The Arts - Literature

The Bengali Renaissance threw up a number of literary giants who contributed to the pattern of Bengali thinking. The tradition persists so that all year round in Calcutta and other areas in Bengal, and especially during the book fairs, the bookstalls flood over to the pavements with books, written by renowned as well as amateur writers.

The writing that characterizes the renaissance was essentially lyrical, and its appeal gives the outsider an insight into the romantic strain in the Bengali nature. Bengali developed as a very soft and beautiful language which not only reflected the new stirrings of nationalism but also expressed the subtler nuances of human emotion.

Shri Rabindranath Tagore is the greatest inspiration and best-known among the contributors to India’s international reputation from the world of literature. To give expression to his ideals, Tagore founded a university at Shantiniketan in Bengal dedicated to the creative and performing arts of India, where amidst the most idyllic surroundings, Tagore’s legacy still lives on and it still possesses that air of gentle calm which pervades so much of Tagore’s work.

It was at Shantiniketan that Tagore wrote Gitanjali, which is acknowledged as his masterpiece. He had written a great deal besides, essays, novels and plays, but it is his poetry that is sublime. Gitanjali(an offering of songs)compounded the peculiar Bengali outlook of life into verse. Without a knowledge of the Bengali language or a real understanding of Indian music, it is impossible to do justice to his works. Some of his songs and poems were written in English or have been translated but one is always warned that to base any assessment of them on the English would be to do the Bengali Shakespeare a grave injustice.

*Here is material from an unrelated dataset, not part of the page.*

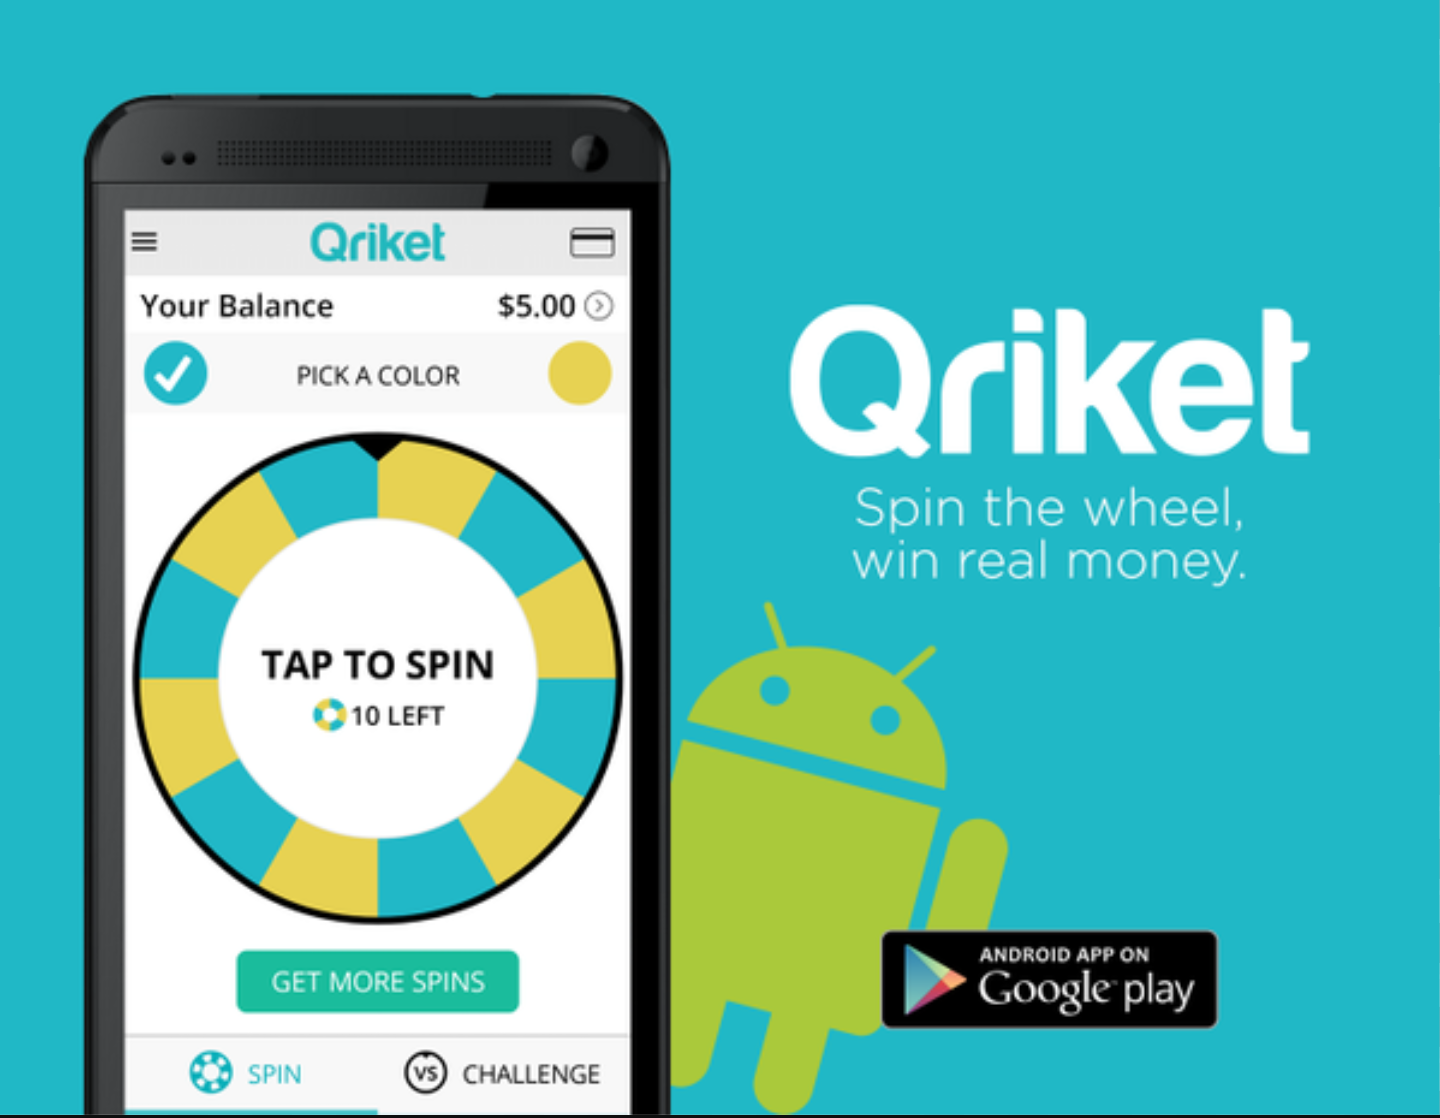 Spin left. Spin Wheel and win real money. Android Spinner Picker. Qriket Hacks.

Of contemporary Bengali writers there is no shortage. The English newpapers from news to correspondence seem to be exclusively written by Roys and Rays, Mukherjis and Chatterjis or Das(es) and Boses, etc. For stylistic achievement coupled with a typically Bengali contentiousness, one need look no further than the work of Nirad Chaudhari. Every theme has to be justified, every omission explained and every slight anticipated.As the popular saying goes, "The pen is mightier than the sword" and where else could this be proved to be more true than Bengal. Over the period of centuries, Bengal has given birth to numerous writers and poets who have with their powerful strength of words heralded a new world. They were the beginners of modern Bengal and much of their contributions are acclaimed today, to be one of the best in the history of literature.The brave writers and poets had shocked the modern world with their revolutionary thinking and still are the major influences in shaping the present day Bengal and India. For the Bengali, the pen is a sword and the spoken word a missile. Of subtlety, there is plenty but it is the intensity one senses most.